*Task description:*
Your answer must be the full listing, reproduced exactly, minus any pictures.
Data block Start Marker
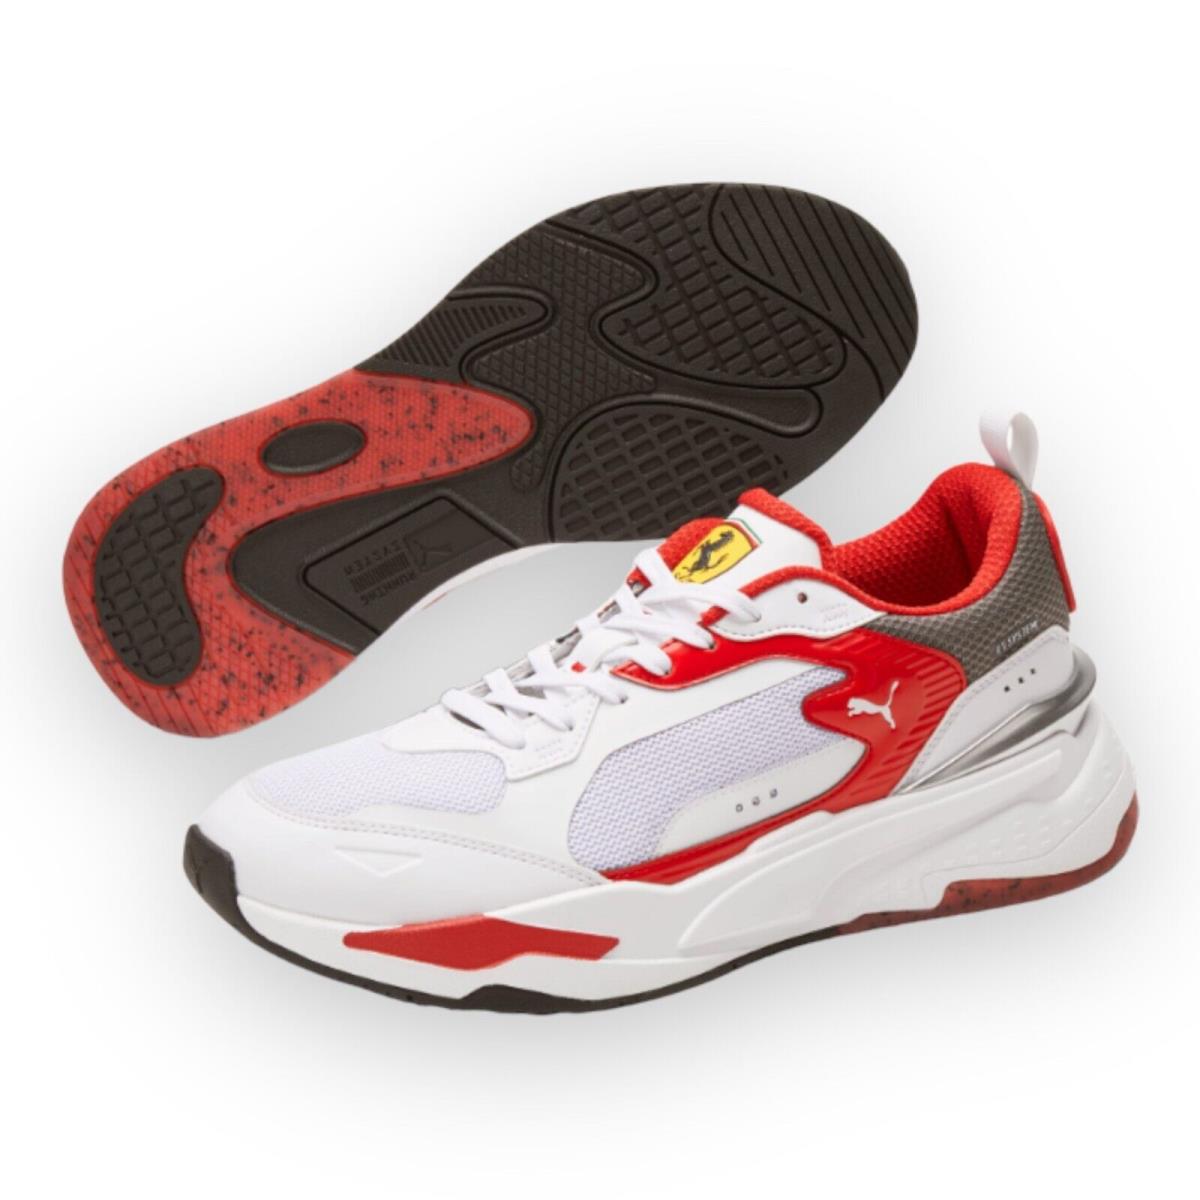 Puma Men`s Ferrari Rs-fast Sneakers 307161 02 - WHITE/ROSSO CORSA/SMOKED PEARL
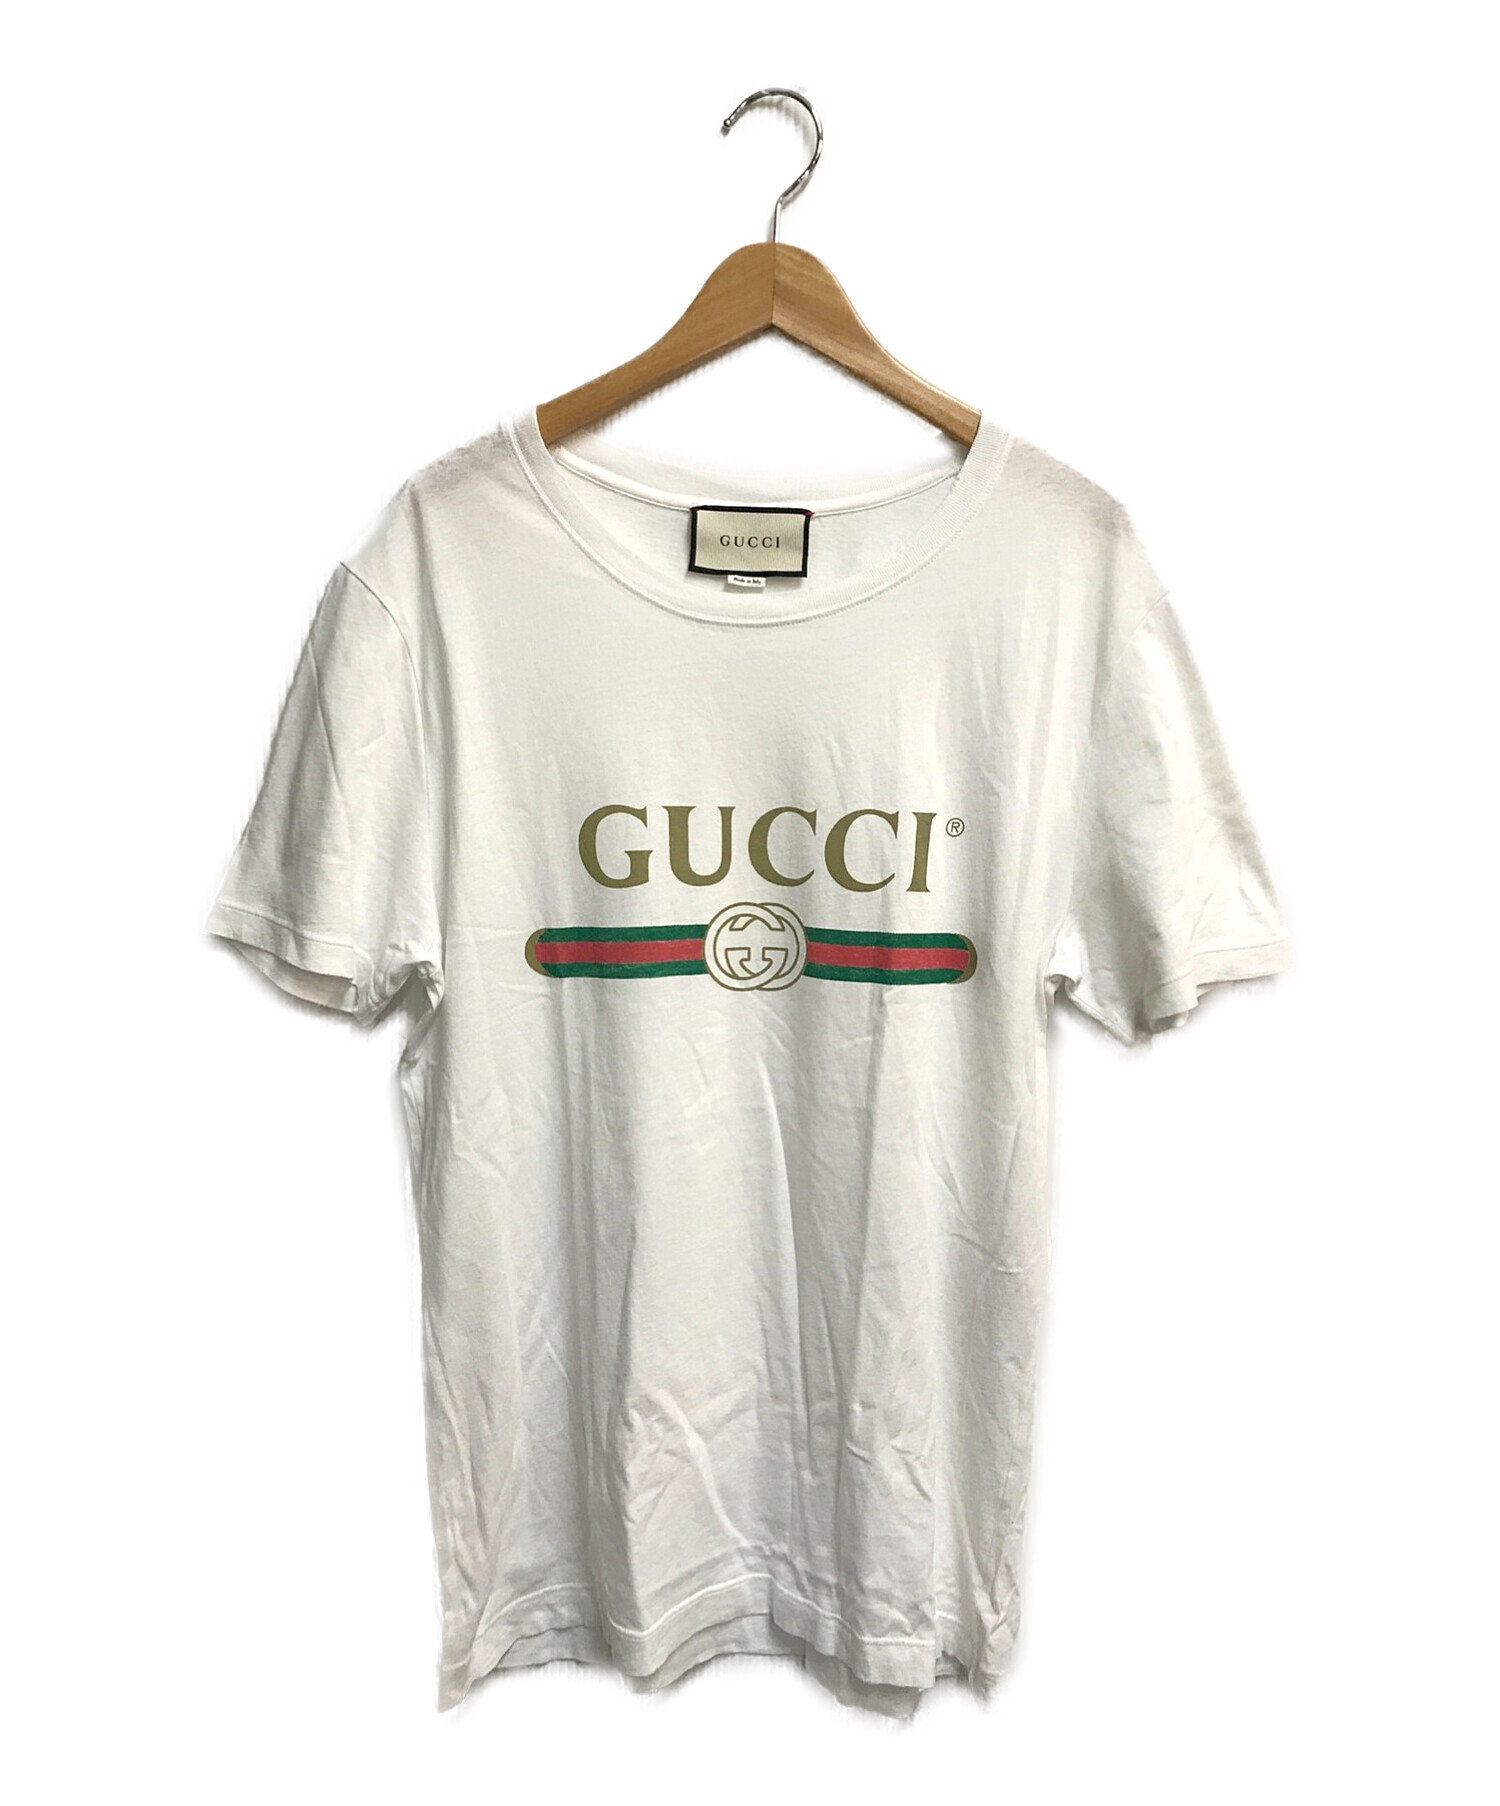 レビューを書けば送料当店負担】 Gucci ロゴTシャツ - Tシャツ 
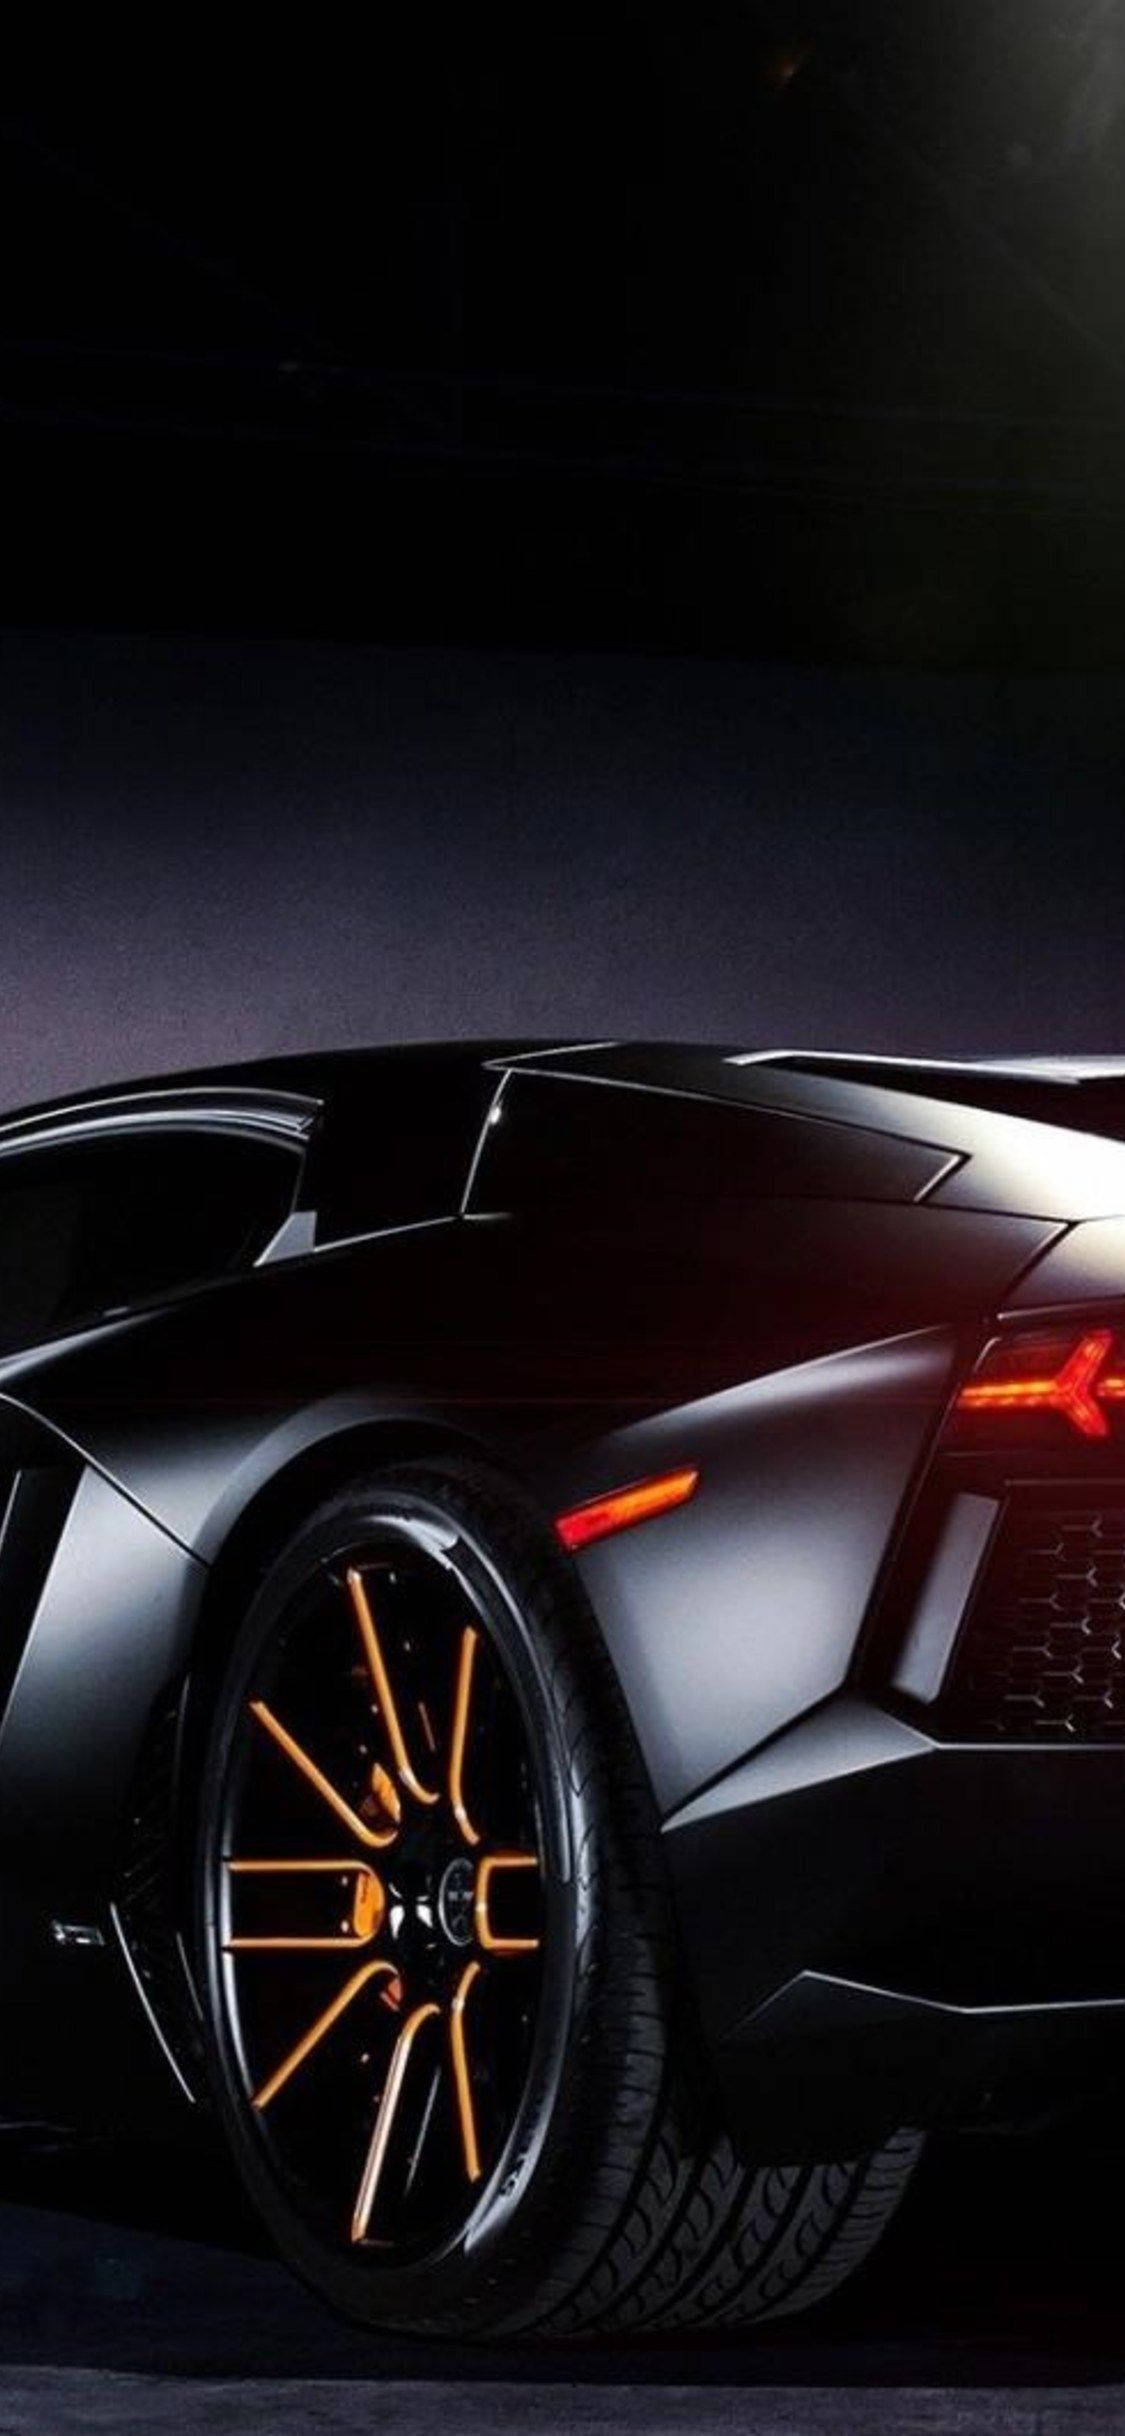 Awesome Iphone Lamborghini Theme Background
Data block End Marker
*Answer section:*
 Puma Men`s Ferrari Rs-fast Sneakers 307161 02 - WHITE/ROSSO CORSA/SMOKED PEARL
 レビューを書けば送料当店負担】 Gucci ロゴTシャツ - Tシャツ 
 Awesome Iphone Lamborghini Theme Background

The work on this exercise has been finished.